Tomorrow is your birthday. You would have been 33 years old this year, but instead, you are forever frozen at 29. Every July 20th, since your death has been hard only in different ways. This year I've noticed a heartbreaking thing. No one talks about you anymore. Well, since I moved away to a place where no one had ever met you, no one else ever spoke of you, but I spoke of you constantly. Considering most of the stories I had from the ten years prior started with Rene and I. Also I was still sorting out me without you and sometimes couldn't help myself but talk about you, about us. I didn't care how it looked or came across me speaking of my late fiancé; I couldn't have stopped myself from speaking of you even if I had tried. Only that too, has changed. I have made new memories over the last nearly four years, and so even I say your name so much less. Plus it has been a length of time now since your death and our life together where many people do not know me with you. They don't know me as having ever had you, or our story. They just know me as I am now. So saying Rene and I, is opening myself up to a story I am often not willing to tell.
This year this birthday I'm grieving this next stage. I feel like a child having a temper tantrum over something no one else can see. It’s so important to them and yet everyone around goes about as if there is nothing to be seen. I left our home town to gain anonymity and a fresh start and it was for the best. But in moments like this I feel alone not having others who knew and loved you to share stories with. The lack of hearing your name, or saying it. I'm sure at home people will still cheers to you tomorrow, but I have a feeling even at home your name comes up less. It's not that we love you any less or miss you any less. I guess it's just the years that have come since you died and the life liven since gets referenced more and more.
So your birthday has been coming, and it's breaking my heart that there are no parties being planned. No celebration to look forward to, just a painful reminder that you are gone. And in my best moments, I can be poetic about it and be happy for the years you lived and the times we shared. I can see the bigger picture of life and death and be at peace with it all. In other moments I'm still heartbroken and mad. I get so angry, and I know that my frustration is only covering an unbearable pain that still breaks through.
I miss my best friend. Your birthday matters to me, your life matters to me and our time together will forever have shaped who I am and for that I will always be thankful.

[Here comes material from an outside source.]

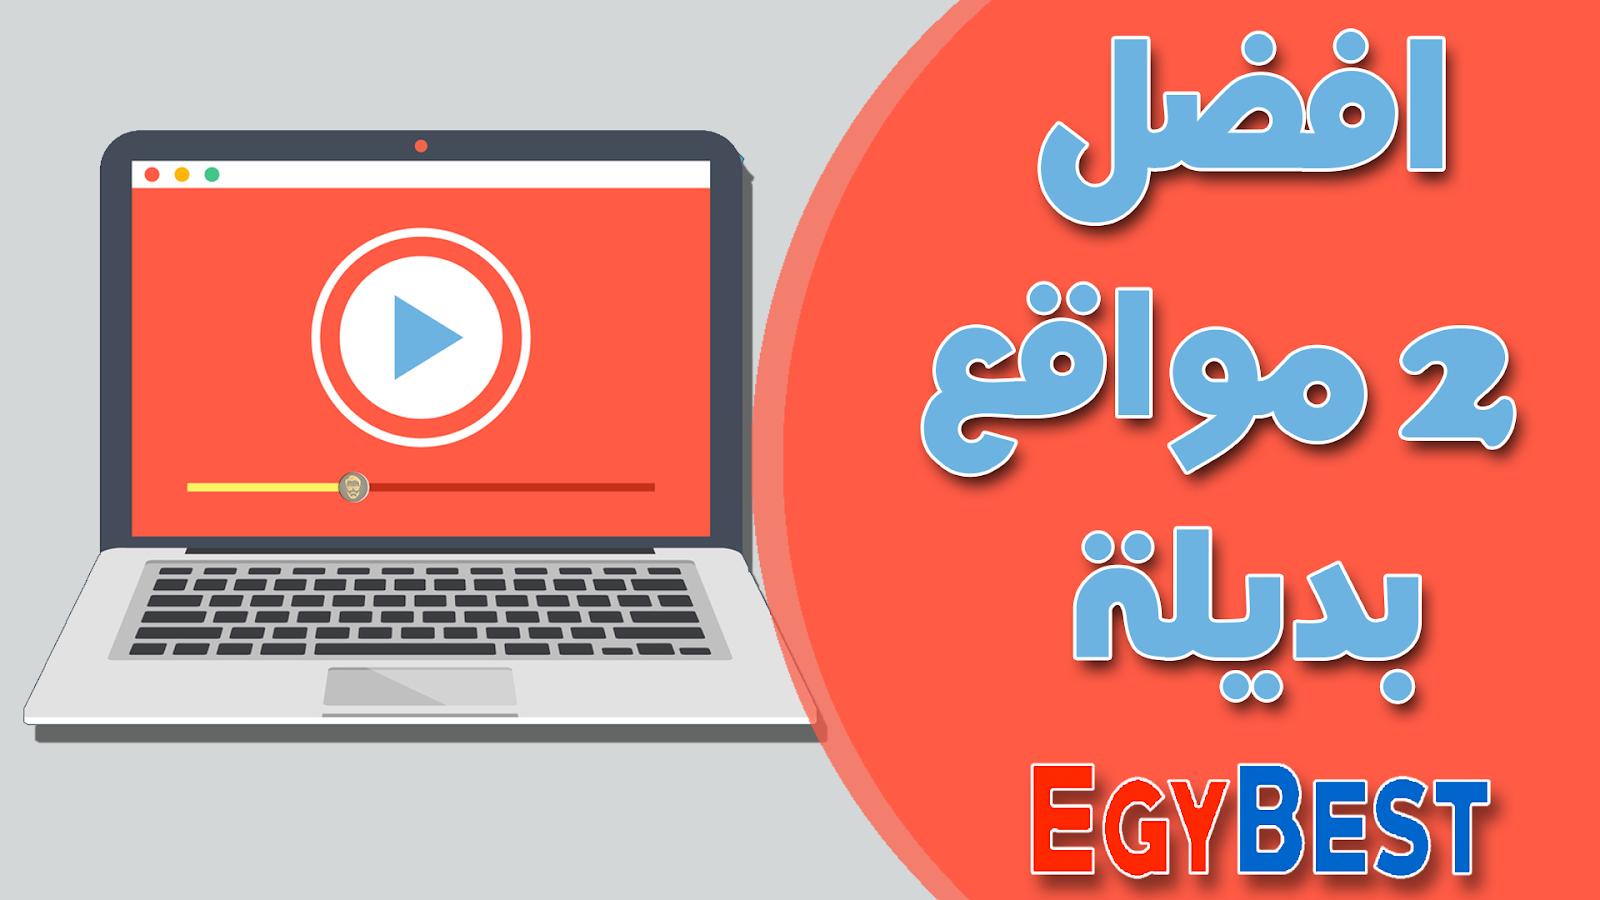 افضل 2 مواقع بديلة عن ايجي بست Egybest لمشاهدة الافلام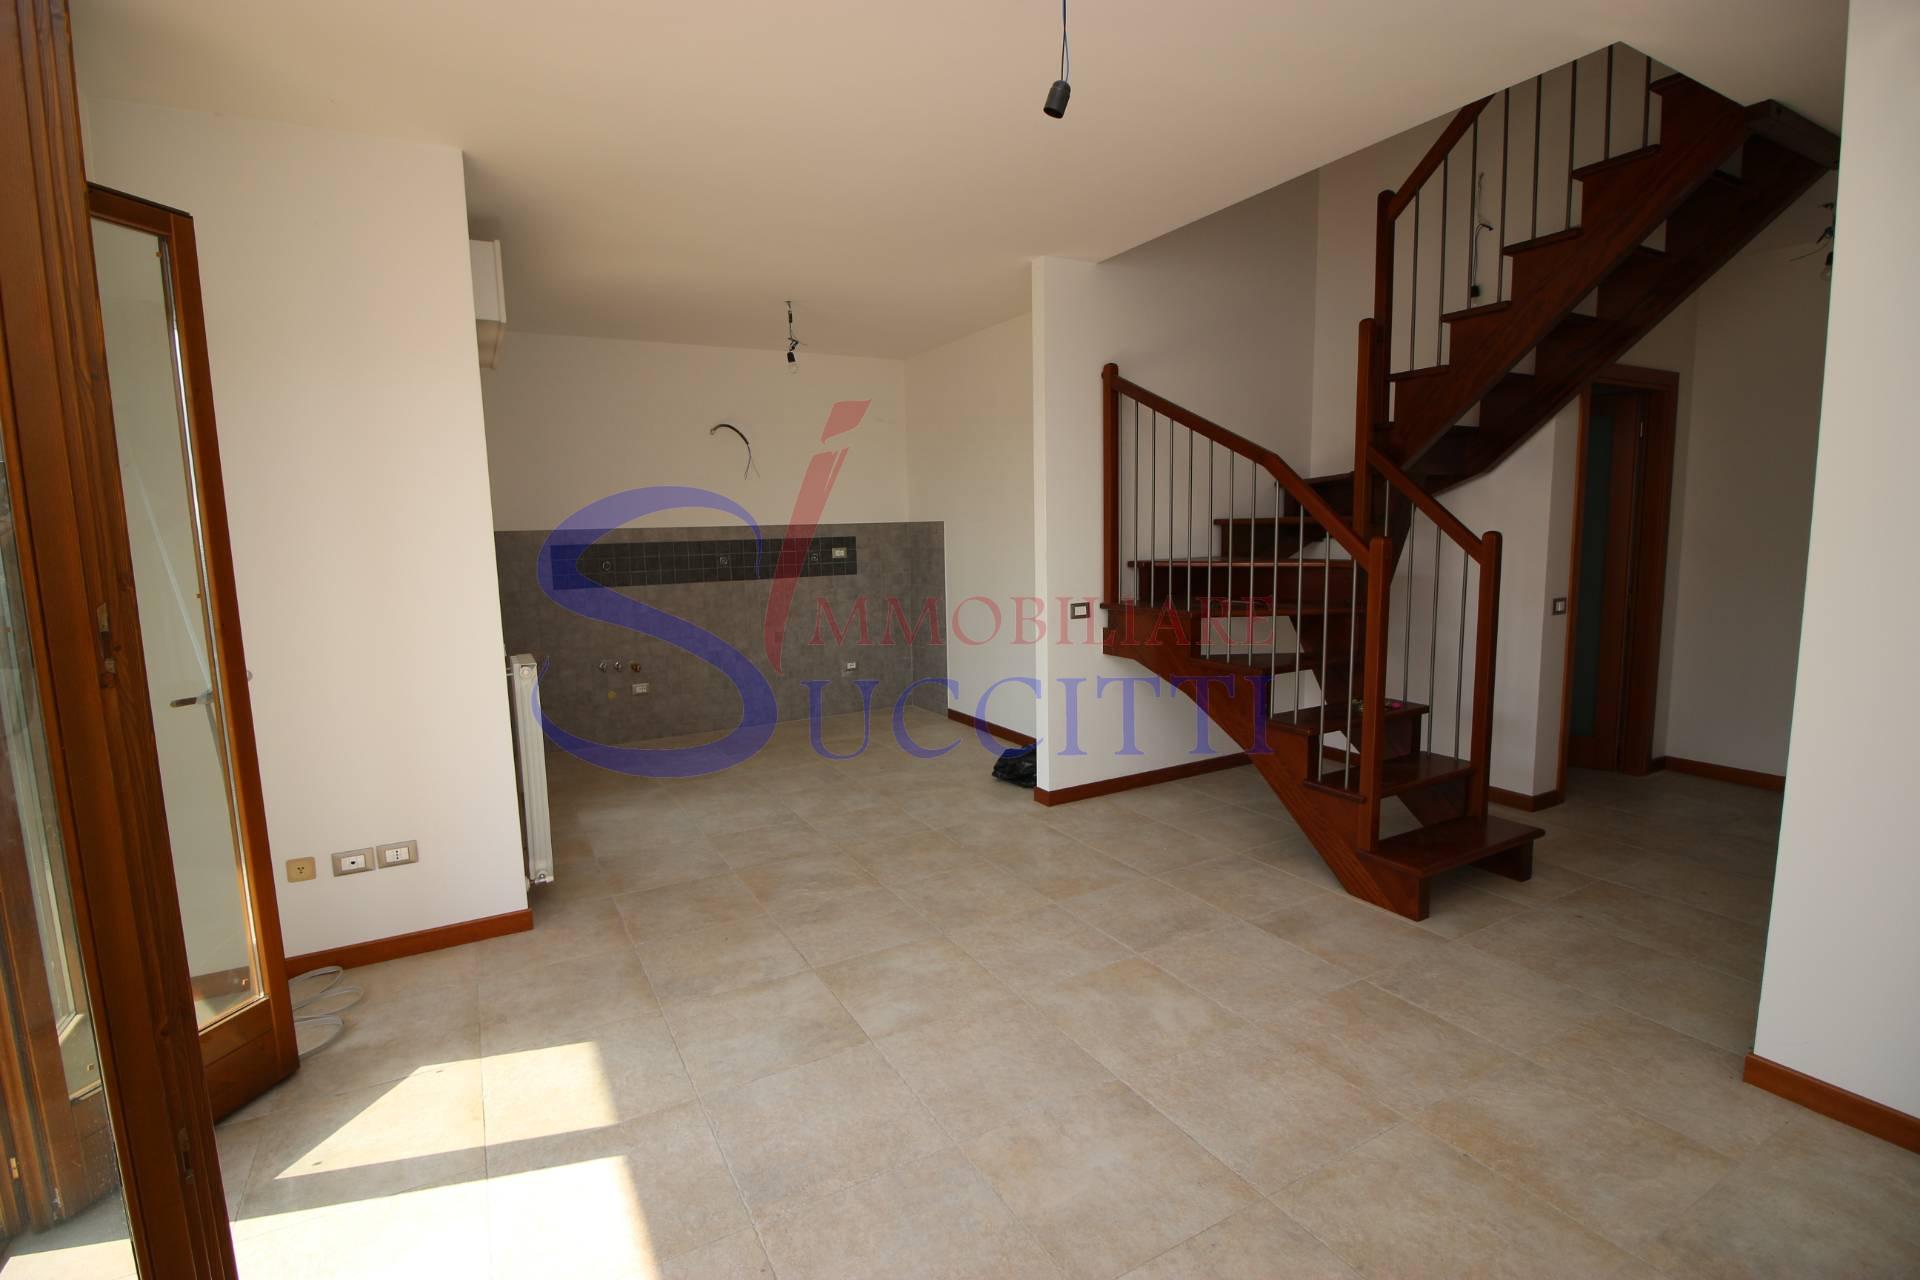 Appartamento in vendita a Tortoreto, 3 locali, zona Località: TortoretoAlta, prezzo € 155.000   PortaleAgenzieImmobiliari.it

Tomorrow I will try to celebrate the life you lived while grieving the loss that came with that. Since the pain of your death will not be denied. No matter how much I talk myself around it, my body holds the heartbreak, and it knows. It knows that all the 'everything happens for a reason, and he's in a better place, or he'd want you to be happy' sounds nice but fall flat on a broken heart and wounded soul. I cannot fool myself out of feeling your loss.
I miss you. I miss reminiscing about all the life we had lived. I kinda believe that the day you died is your birthday now. Wherever you are you arrived there August 16th making July 20th probably meaningless to you now. But it is etched into me as a day we celebrated you. There won’t be helicopter rides, or skydiving, there won’t be boat trips across the valley for a dinner, there won’t be an all night bender or a week long birthday party, but in your name, rye and gingers and a trip down memory lane will get us through to next year.